Thriving Dark Web Trade in Fake Security Certifications
Security researchers have discovered underground cybercrime sites selling cheating services, leaked courses and fake certificates to help unscrupulous individuals gain security qualifications and/or a leg up in their careers.
Dov Lerner, head of threat research at Cybersixgill, said in a new report out today that his team found fake CompTIA CySA+ diplomas, among other security-related certifications on the dark web. Given each legitimate cert possesses a unique serial number, these counterfeits should be easy to spot, he added.
However, other cheats may be more difficult to discern. Lerner said some dark web sellers offer buyers a way to cheat on exams from CompTIA, Cisco, Microsoft, Google, AWS and others, which allow candidates to take tests at home via webcam.
“In a post offering a cheating service, an actor explains that during exams, test-takers’ audio and video streams are directed to them so they can listen to and watch exams in real-time, bypassing the [invigilator],” he explained.

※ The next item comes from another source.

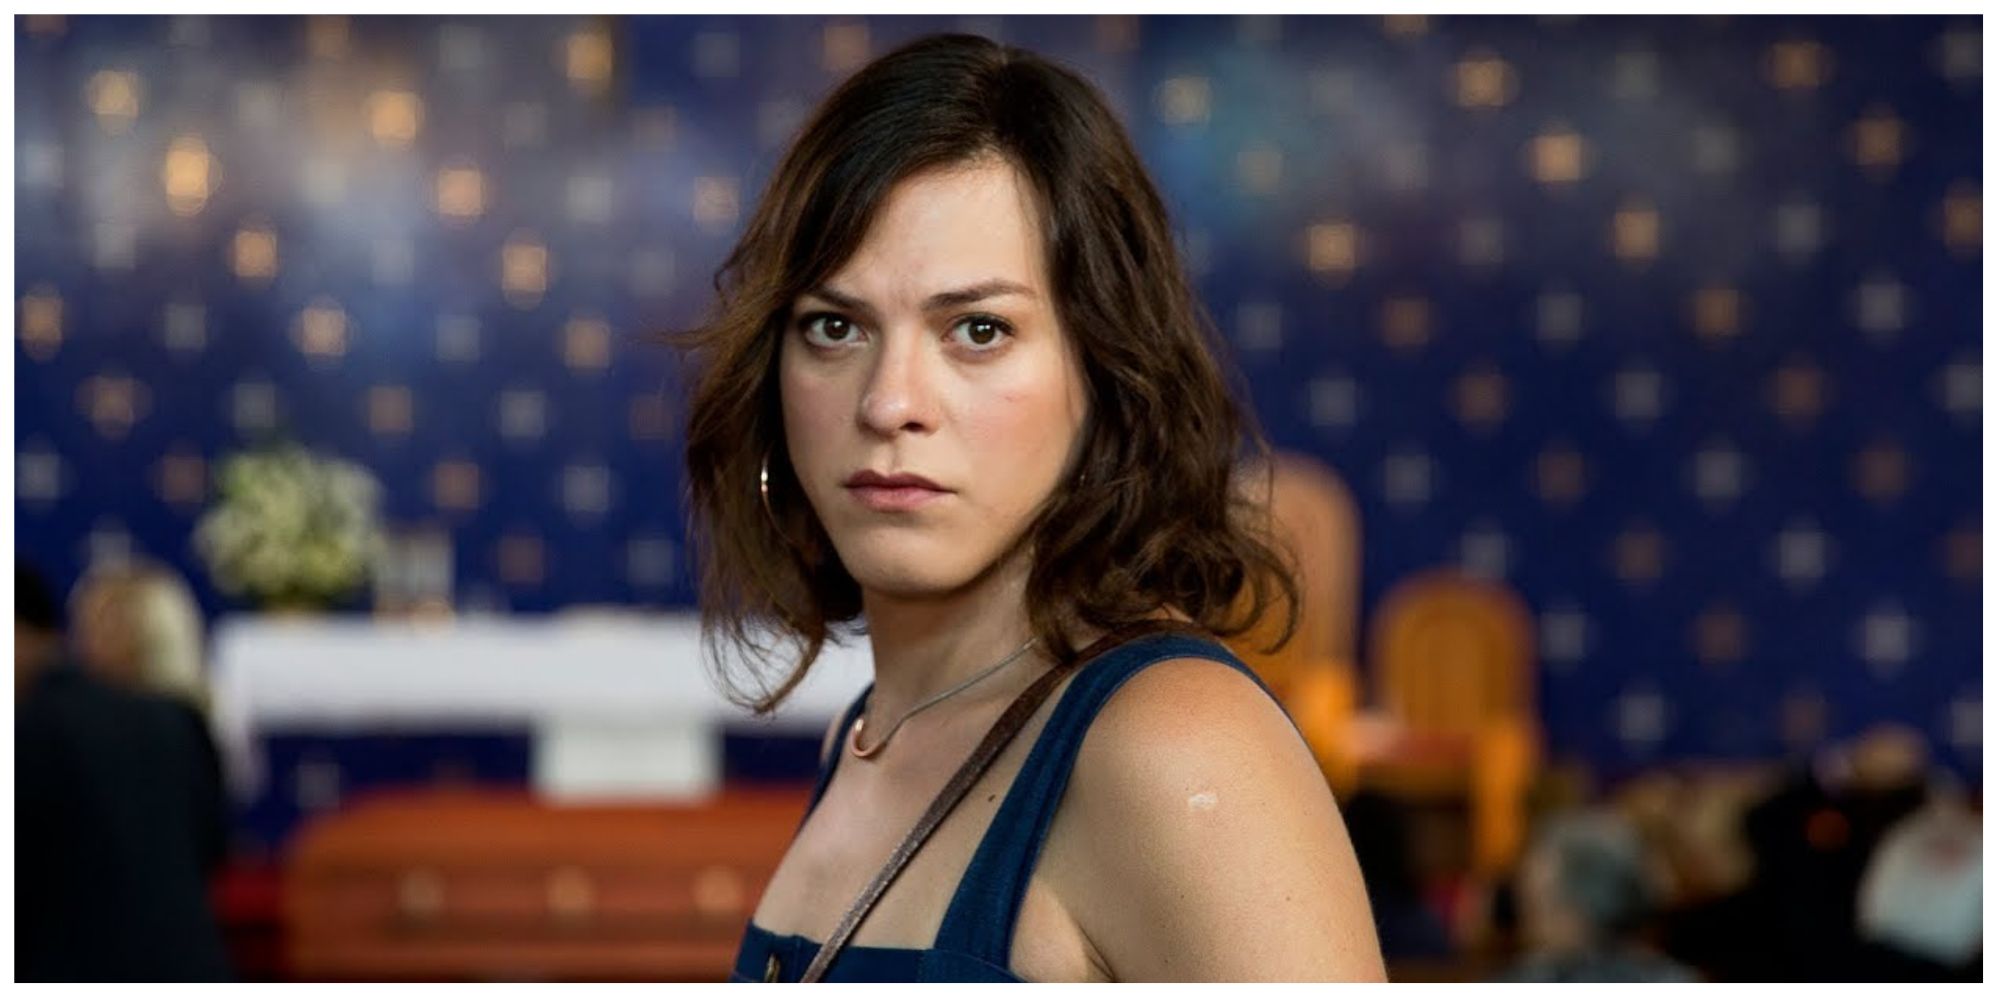 Marina in A Fantastic Woman staring straight ahead with a look of concern on her face

Cybersixgill also recorded a 73% increase in the number of leaked courses advertised on underground markets compared to 2021. Some of these are even available via free downloads, although the average price ranges from $5-200 depending on the quality and quantity of course content, course level and date.
While the market for these services is relatively small compared to other cybercrime offerings, the threat intelligence firm urged test and course providers for security certifications to monitor for attempts to game the system.
“Fake cybersecurity certificates pose a significant risk to employers who accidentally hire unqualified candidates misrepresenting their training,” Lerner concluded.
“Ultimately, the organizations that employ such individuals may discover their sensitive data in the wrong hands. Therefore, employers must take a few minutes to verify a prospective employee’s certifications to prevent such circumstances.”